Searle Visitor Center, Lincoln Park Zoo
The Lincoln Park Zoo, one of North America’s oldest, has evolved since its 1868 founding into an institution that connects people with nature in the urban heart of Chicago. Through its focus on quality and conservation, the Zoo embarked on a capital campaign to re-work its visitor experience including a dynamic east gate pavilion as the new Searle Visitor Center.

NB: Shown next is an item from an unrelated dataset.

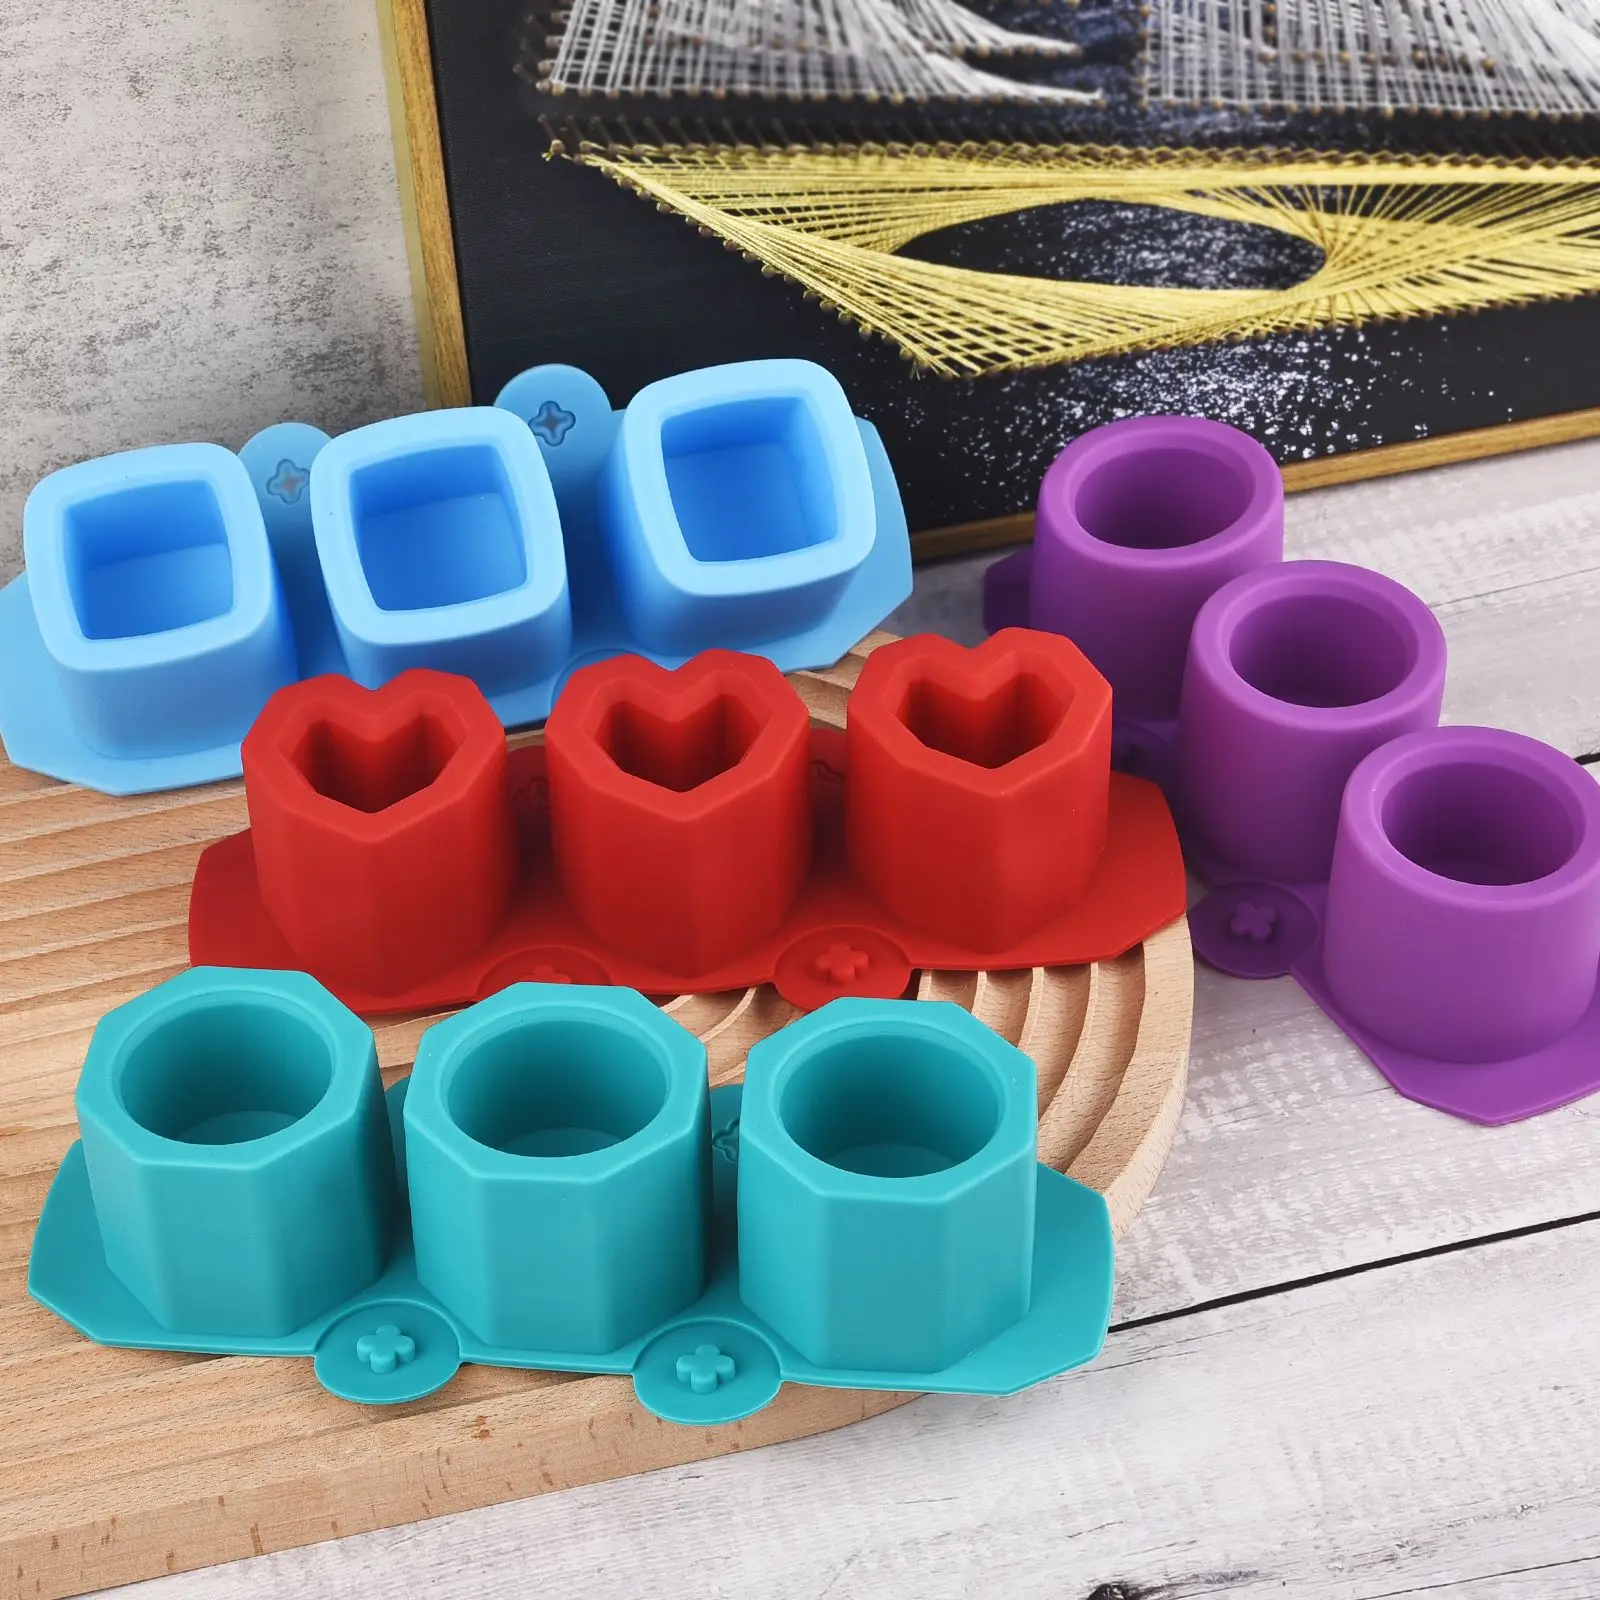 

4Pcs/Set Gypsum Candle Jar Silicone Molds For DIY Plaster Cement Concrete Planter Pot Ice Cup Mould Home Decor Jewelry Making

The new pavilion, which comprise an entry gate, visitor center, administrative offices, membership lounge, and public washrooms tucks behind the natural landscape. Two buildings formed in the shape of a “J” are visually tied together by an innovative structural canopy with cantilevered frames supporting and hanging from one another. These opposing forces: tension and compression, balance in an effect that appears to effortlessly levitate. As visitors arrive, a pattern of layered branches filters light as if peering through the branches of a tree.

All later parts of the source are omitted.